Screenshot of “Your Facebook Information”

And Facebook is just the starting place. It’s no surprise that the real conglomerate of our personal data is Google. In the same week I saw that Facebook post, I also came across a Reddit thread that asked, “People who downloaded their Google data and went through it, what were the most unsettling things you found out they had stored on you?” I never even realized I could access the data that Google was collecting, but after seeing that post I immediately wanted to know more.

Google lists really simple directions to follow in order to download the data they’ve accumulated on you. All you need to do is log in with your Google account and provide an email address for the archived data to be sent to. Google warns that the data download could take hours or even days to complete, but mine only took 7 minutes.
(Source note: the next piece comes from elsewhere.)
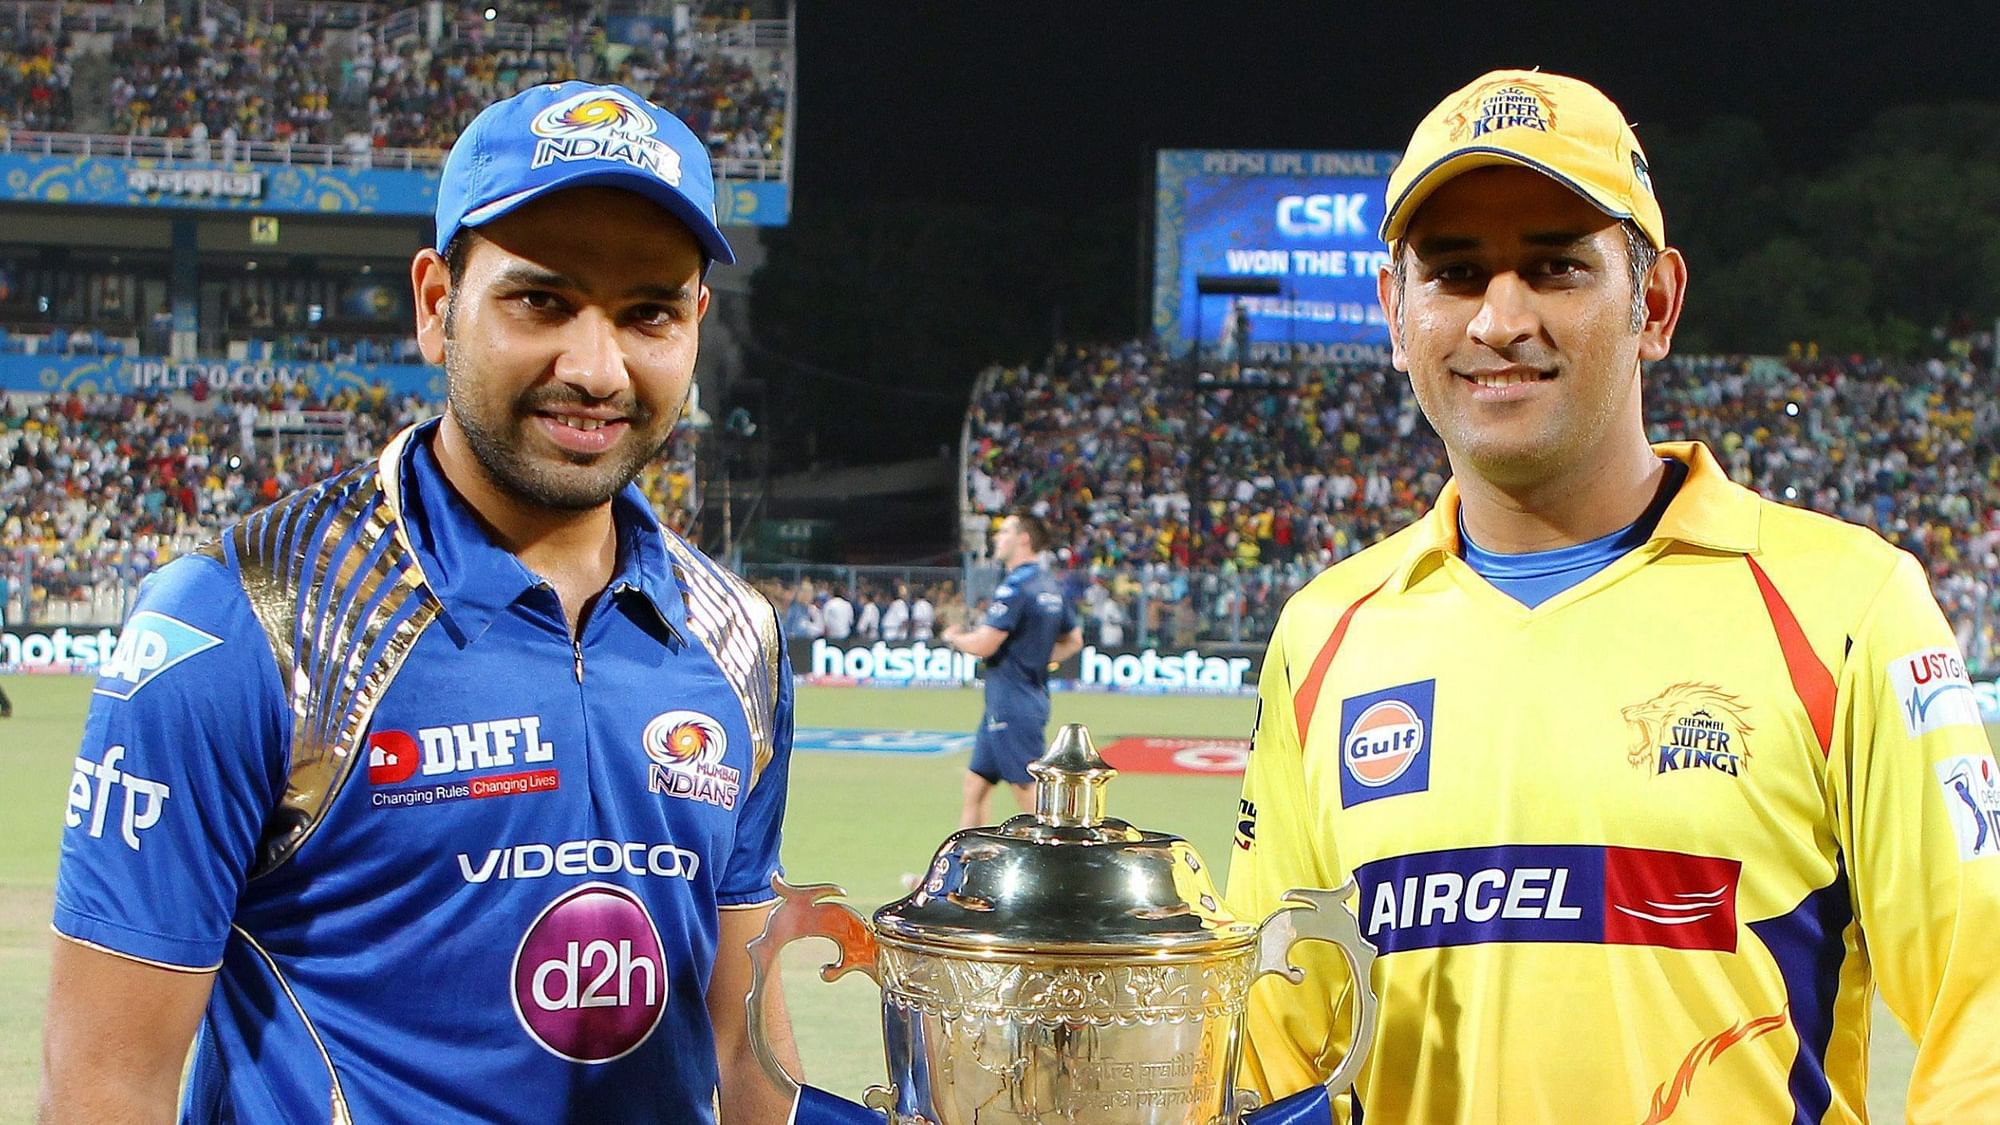 BCCI had postponed the start of IPL 2020 to 15 April from 29 March amidst the COVID-19 outbreak in the country.

So what was in my Google archive? Basically, the download consisted of Excel spreadsheets that outlined my entire internet use. Some of the data I expected, and then there were other parts of the archive that were either unsettling or totally random. The breakdown of my data included:

  • My browsing history
  • All Google and image searches made, marked with my location at the time of search
  • Every YouTube video I’ve looked for or watched
  • A list of every flight I’ve booked – detailed down to the terminal and gate number
  • Every ad I’ve clicked on or item I’ve purchased online since 2009
  • Every address I’ve searched for in Google maps
  • An accurate log of my location for the past few years, including my home address
  • Photos uploaded to Google Drive, including ones I thought were deleted
  • Voice recordings (this section was empty for me, but not for those that use Google’s voice to text function)
  • An Excel sheet dedicated solely to the address of a zoo I volunteered at once and never went back to
  • A blog post I wrote for a World History school project in the 10th grade
  • A pizza order that I placed on September 25, 2017 at 7:50PM

That’s a whole lot of information to keep track of. It’s eye-opening, and a bit scary, to understand just how many details Google knows about my life, especially when I don’t remember the details myself. After wading through the mass of information, I decided to take a visit to Google’s Activity Controls, where you can update the settings to control the information Google saves. Though by no means a save-all, it is definitely the starting point to establishing more data security.